Pinus strobus (Linnaeus)
April to May
Maine adopted the White Pine Cone following its use in the National Garland of Flowers at the 1893 World’s Fair.
The Eastern White Pine is the largest conifer in North America and can live up to 500 years.
Did you know that Maine is the only state whose state flower is not actually a flower at all? Lawmakers chose the White Pine Cone because the state was commonly known as the Pine Tree state.
The White Pine Cone and Tassel of the Eastern White Pine has green and blue-green needles which are usually two to five inches long and grow in clusters of five sprigs. The tree’s cones are brown and slender and grow alongside its needles at the end of the pine’s branches. The towering conifer grows abundantly across the state of Maine and has long ties to the state’s lumber industry.
The lofty evergreens have long dominated the state’s picturesque landscape, from its rocky seacoasts to its thick inland wilderness.
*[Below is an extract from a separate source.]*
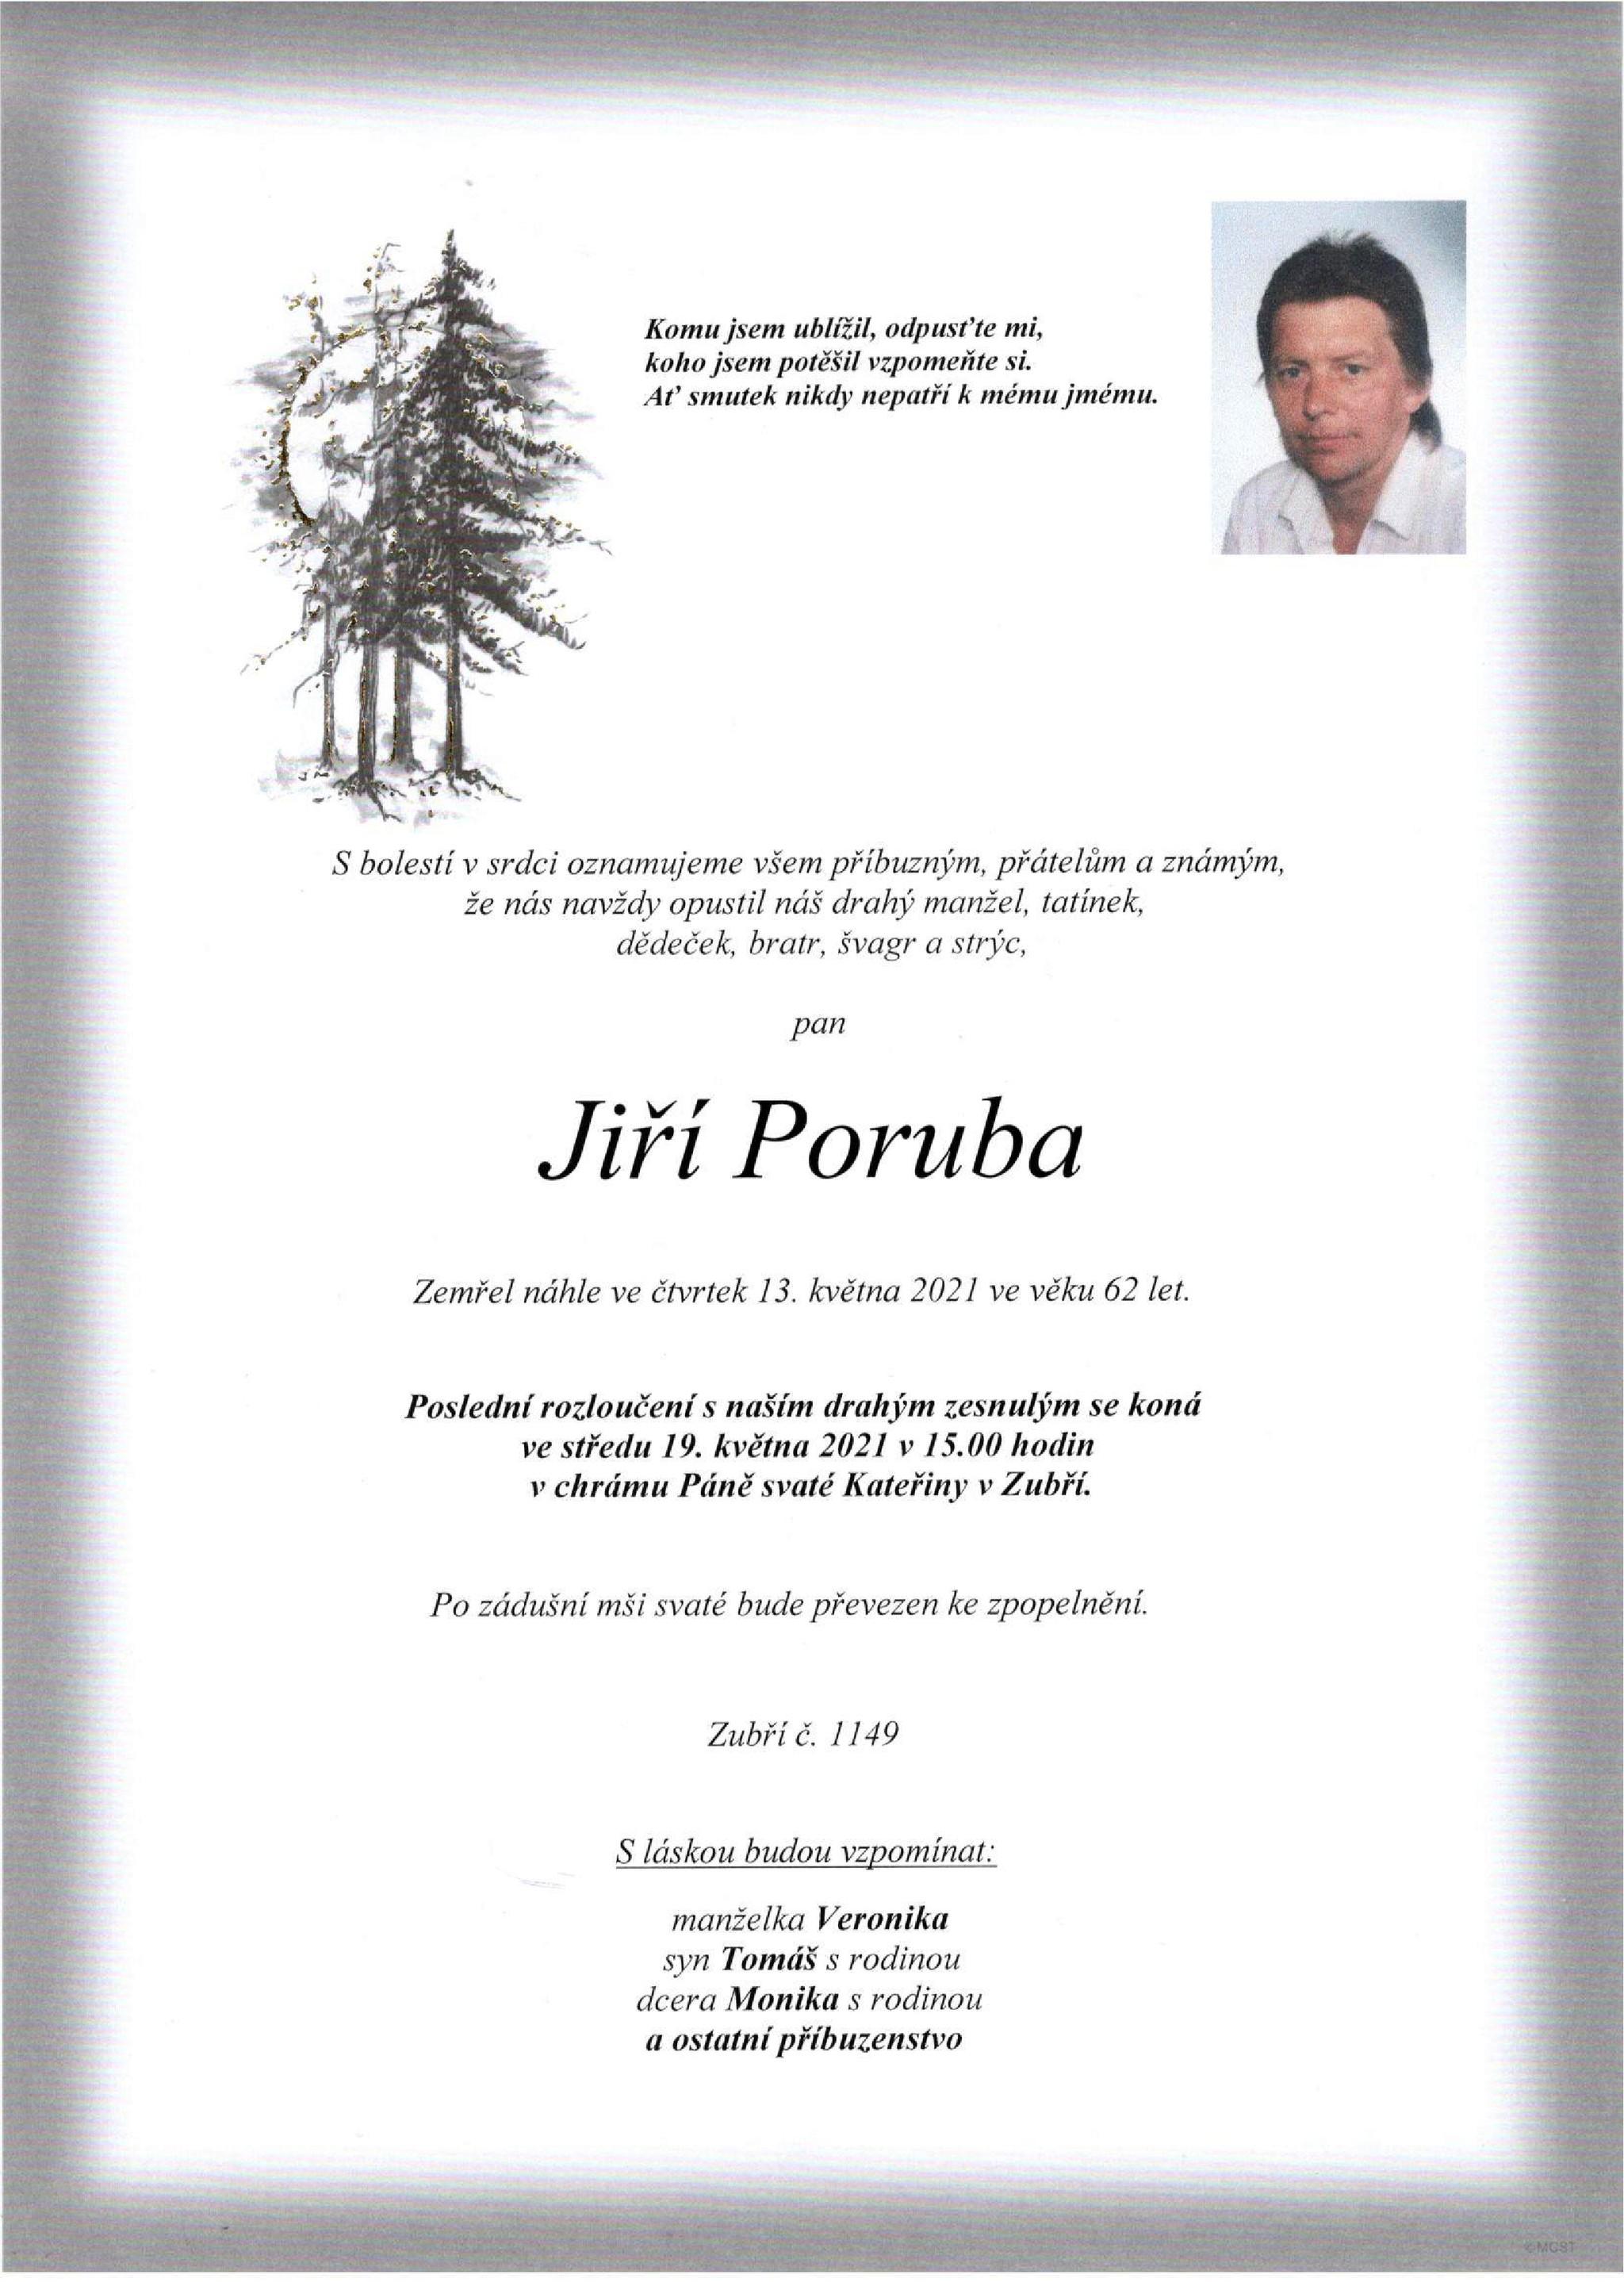 Jiří Poruba

Lumber products milled from pine trees have fueled the state’s economy since the 1600s.
To see the Maine state flower, one only needs to venture across the state’s border. Besides their ubiquitous natural presence, these pine trees are used in Maine for landscaping and in reforestation. They are also one of the most planted plants in the country and can be found in New York, Michigan, Wisconsin and Canada.
Aside from its role in the timber industry, the tree upon which the Maine state flower grows has other historical value. During colonial times, its strong, straight trunks were used to make masts for ships sailing in the British Royal Navy.